Training, 12/10/2011 Rebuttal I Warwick Debating Society Proudly sponsored by
The basics What is rebuttal? • Rebuttal is responding to the arguments of the other side, and explaining why they are wrong. When you make an argument you are explaining why the audience should agree with your side, but when you make rebuttal you are explaining why the audience should not agree with the arguments of the other side. Why is rebuttal important? • Rebuttal is crucial to debating. In debating you must show both why your arguments are right AND why the other side’s arguments are wrong.
How to do it • Rebuttal should take the form of “they have argued this... but we think that this is wrong because...” • e.g.

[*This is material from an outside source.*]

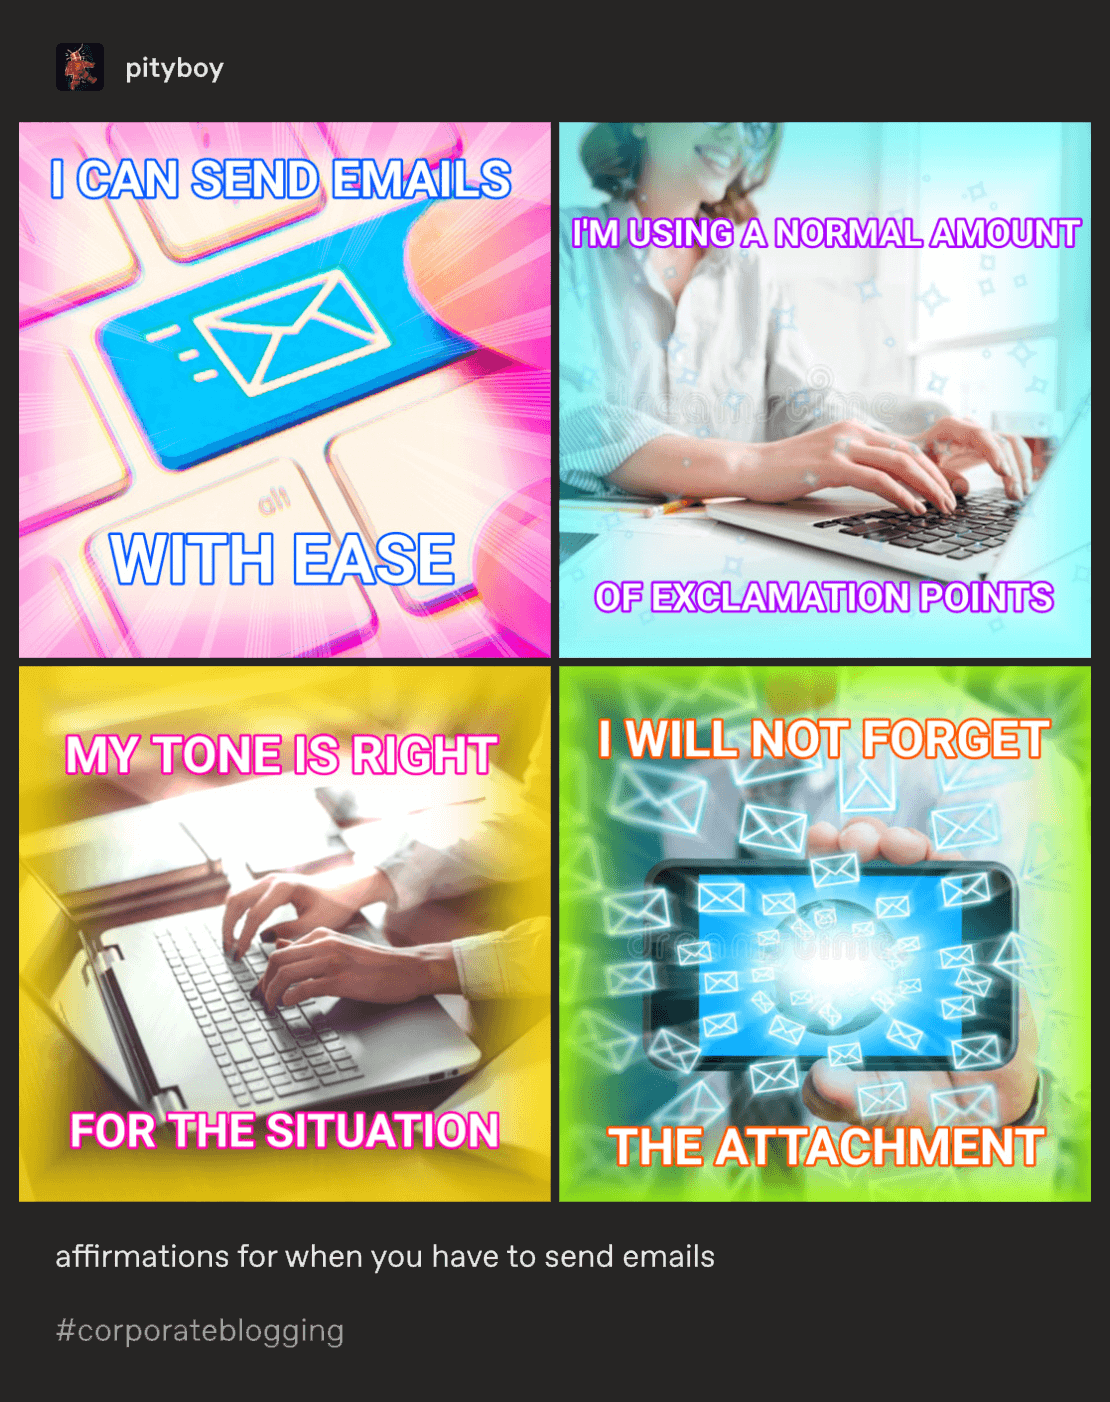 @pityboy on tumblr: affirmations for when you have to send emails. 2 photos - I can send emails with ease, I'm using a normal amount of exlamation points, My tone is right for the situation, I will not forget the attachment.

They have argued that the reintroduction of the death penalty will lead to a greater deterrent. But we think this is wrong because most people who kill generally don’t think about the consequences; they are usually so angry when they kill someone that they are not thinking at all.
Things to note 1) You can show why different areas of the other side’s argument is wrong; the explanation can be wrong (i.e. the argument’s justification does not make sense); the example can be wrong (i.e. it is either irrelevant or invalid); or the link can be wrong (it is irrelevant to the debate). 2) In every speech other than the Prime Minister speech, there must be rebuttal. 3) When doing rebuttal you should try and aim for the strongest arguments that were made by the speaker before you.
How to focus your rebuttal • It is very important to focus rebuttal so that it allows to be made in the shortest possible amount of time without limiting how effective it will be. • A good way to think about focusing your rebuttal is by using the PEEL structure. • When you are listening to a point that you are intending to rebut try an single out a specific area (Explain/Example/Link) that shows why the argument is incorrect.